Среда. Имел я удовольствие еще раз прочесть в «Русских ведомостях» об увольнении своем из Университета. Оказывается, пришла бумага из министерства к ректору [М. К. Любавскому] об утверждении вновь вступивших профессоров. Поэтому «Русские ведомости» еще раз припомнили и уволенных. Вот и выходит, что жизнь – игра; одни выиграли, другие проиграли; завтра получится обратное отношение. Газета все же меня расстроила. Хорошо, что я взял ее в руки довольно поздно и до тех пор много успел написать о Псковской правде. Вчера доработавшись до усталости, я никак не мог сладить с концом 42 статьи. Продолжал о нем думать и вечером. Утром сегодня очень рано, в седьмом часу, проснулся с готовым решением вопроса и поспешил сесть за стол и записать пришедшее в голову решение. То же бывало еще в гимназии, когда приходилось приготовлять уроки по задачам из математики. С вечера путаешься, не можешь решить, бросишь. Утро приносит с собою решение.
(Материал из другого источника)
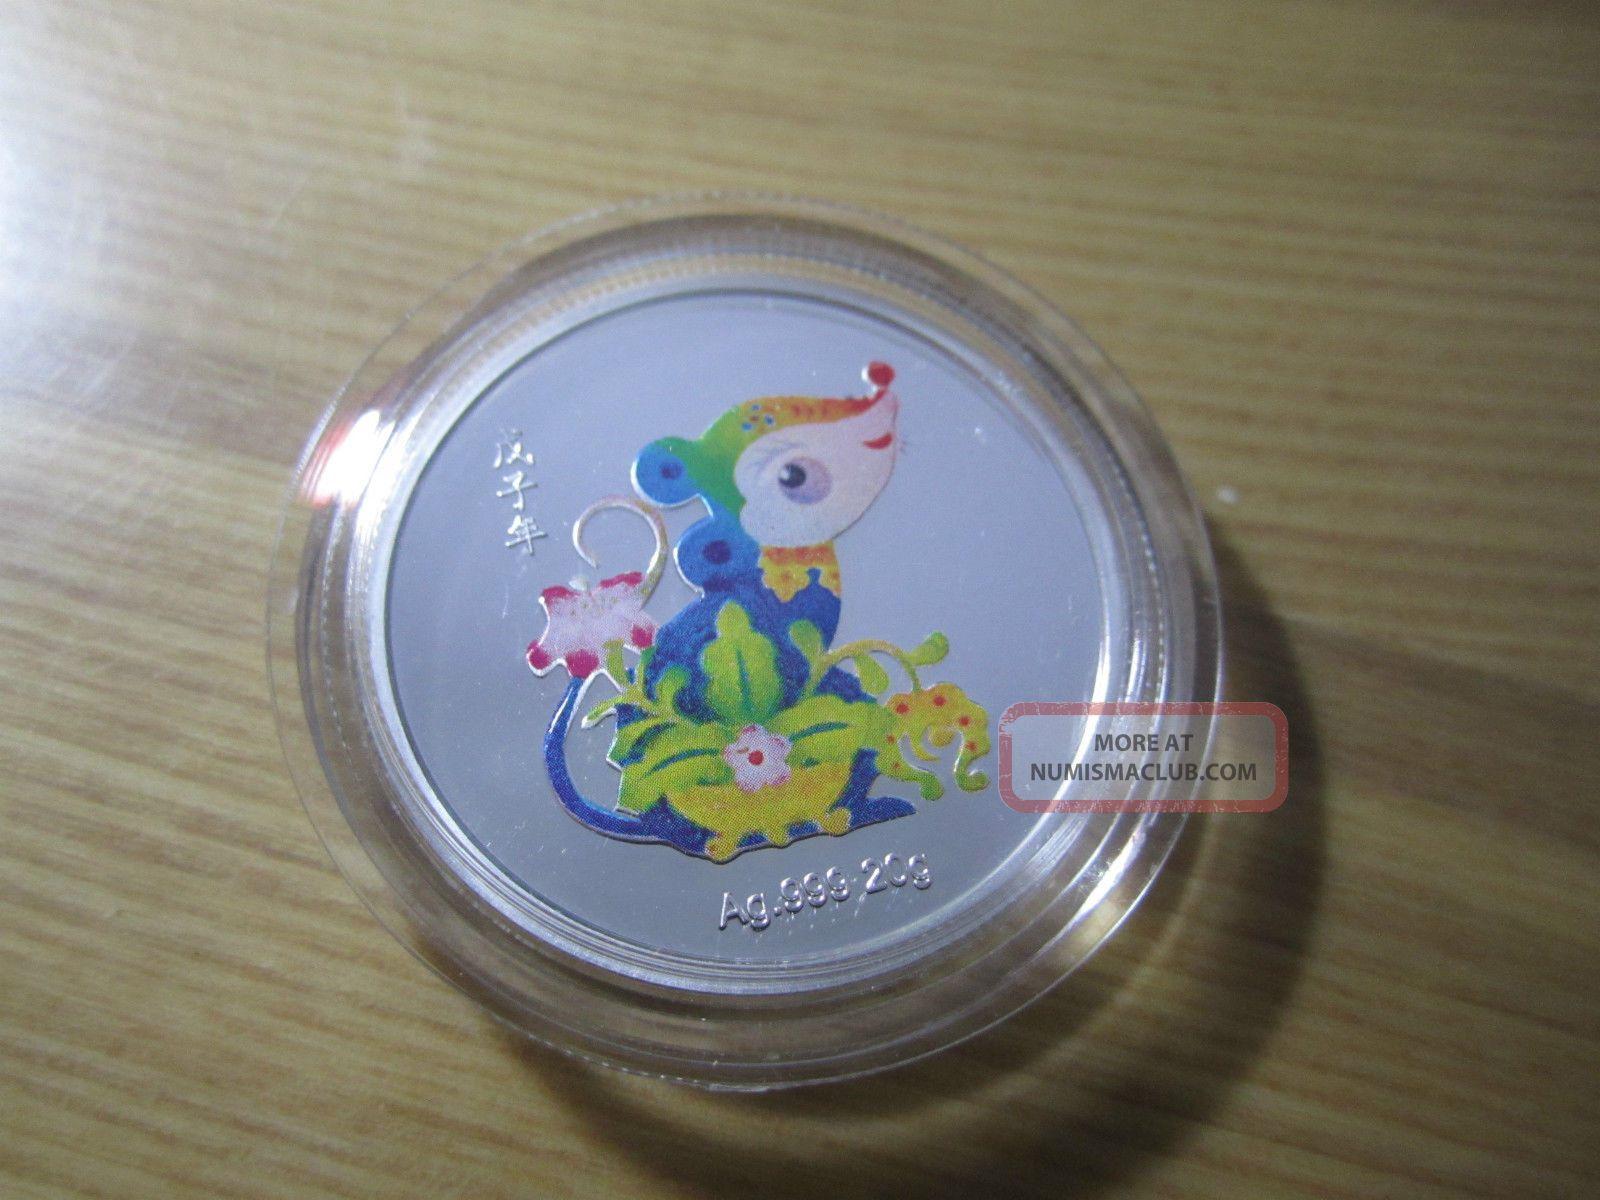 China 2008 20g Colorized Silver Medal - Year Of Rat Exonumia photo

Потому-то народная пословица и говорит: «Утро вечера мудренее». В газетах прочел заявление комиссара Москвы Кишкина, что содержание Московского совета рабочих депутатов обходится 250 тысяч в месяц и он не знает, где взять эти средства95. Большую часть дня шел дождь, под который и я попал во время прогулки.
13 апреля.
Четверг. Встал очень рано и усерднейшим образом работал над статьей о Псковской правде до завтрака. С 81/2 часов до часу. После завтрака встретил Савина, который сообщил мне, что, несмотря на «Русские ведомости», бумага об увольнении и о включении профессоров еще не получена, говорил мне, чтобы я не беспокоился относительно выборов. Я сказал ему, что у меня есть враги. На это он заметил: «Конечно, вы человек с углами в политике, но все же…» Пока мы так разговаривали, стоя на улице у церкви св. Бориса и Глеба96, вдруг показалось надвигавшееся на нас по проезду Тверского бульвара войско. Во главе ехали начальники на конях, затем двигался хор музыки, за ним шли солдаты в походной форме, заново одетые, но часть шла рядами, другие валили гурьбами по мостовой и по тротуарам, заполняя собою всю мостовую и тротуары по обеим сторонам, в беспорядке, вперемешку с офицерами. Несли красные какие-то флаги с надписями. За воинством двигались обозы с амуницией. Мне стало стыдно и больно при виде этой картины, да и Савин глядел на нее в недоумении. Воинство двинулось через Арбатскую площадь и затем по Арбату, запружая беспорядочной массой весь Арбат и оба тротуара. Спасаясь от дождя, я сел в тихо проходивший трамвай и медленно двигался за этой массой. Войско шло, по-видимому, на Брянский вокзал. С музыкой, и без рядов, в беспорядке. Уж хоть бы все валили толпой! Хуже всего, что часть шла рядами, часть толпою. Тяжело!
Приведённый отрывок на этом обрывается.